NVIDIA showed images of its Vera Rubin superchip system at GTC in Washington, D.C., presenting the first clear view of a two‑GPU Rubin assembly paired with a single Vera CPU in one package. The company quoted performance targets of roughly 50 petaFLOPS of FP4 compute per Rubin GPU, yielding about 100 petaFLOPS FP4 for the two‑GPU Superchip. NVIDIA said engineering samples are already in labs and set mass production goals for 2026 with broader shipments and deployments into 2027.
The pictures and brief specifications suggest each Rubin GPU integrates two reticle‑sized compute chiplets, potentially around 2 x 830 mm², paired with eight HBM4 stacks. That configuration delivers about 288 GB of HBM4 per Rubin GPU and roughly 576 GB of HBM4 on the full Superchip. The board also includes SOCAMM2 LPDDR5X modules to provide large, low‑latency system memory, and older briefings referenced roughly 1.5 TB of LPDDR5X per Vera CPU on typical trays.

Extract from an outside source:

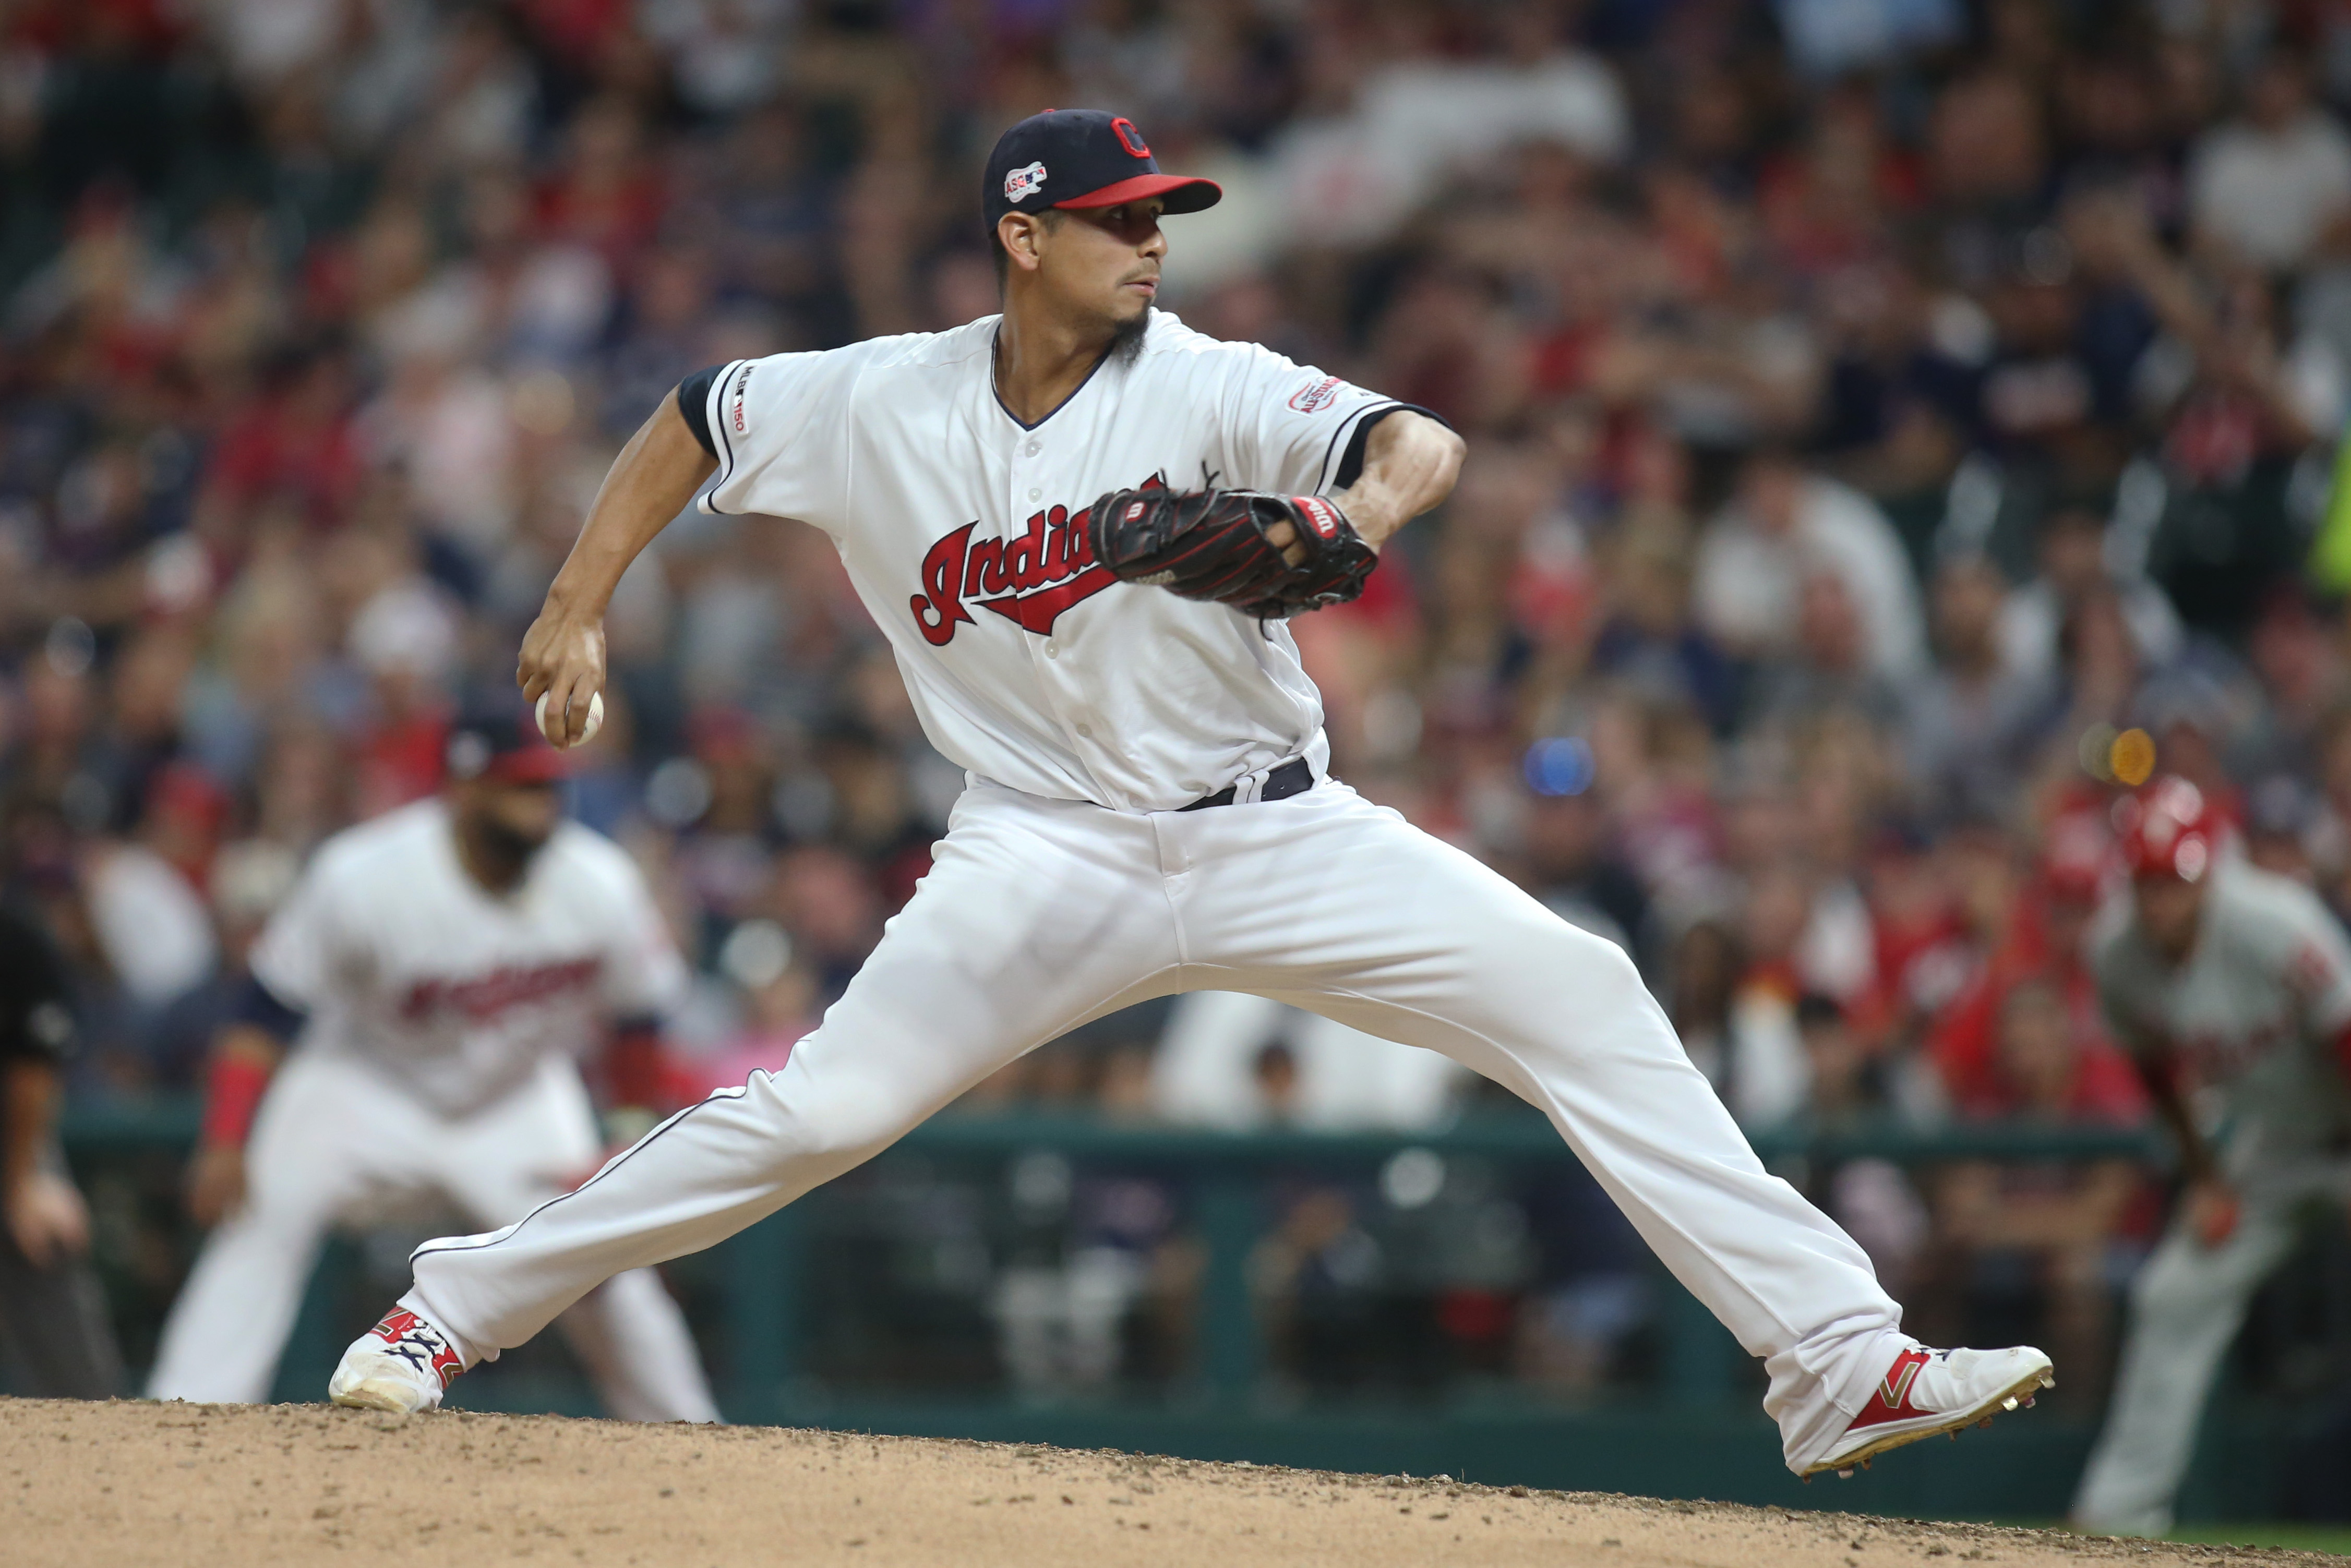 Indians pitcher Carlos Carrasco named the 2019 MLB Player of

The Vera CPU is described as an 88‑core, 176‑thread Arm‑based custom design and shows signs of a multi‑chiplet layout with a distinct I/O chiplet nearby. NVIDIA contrasted this approach with Grace, where the company had relied on Arm’s Neoverse designs, noting that with Vera the team developed the CPU core in‑house to extract maximum performance. The package appears intended to optimize tight CPU‑to‑GPU coupling for demanding workloads.
Interconnect and system bandwidth were highlighted as critical to the design. NVLink bandwidth climbs to approximately 1.8 TB/s to sustain heavy CPU‑to‑GPU traffic for system‑demanding tasks such as Artificial Intelligence inference and training. The combination of large HBM4 capacity, substantial LPDDR5X system memory, and a high‑bandwidth NVLink fabric positions the Vera Rubin superchip as a platform aimed at next‑generation data center deployments when broader shipments begin around 2027.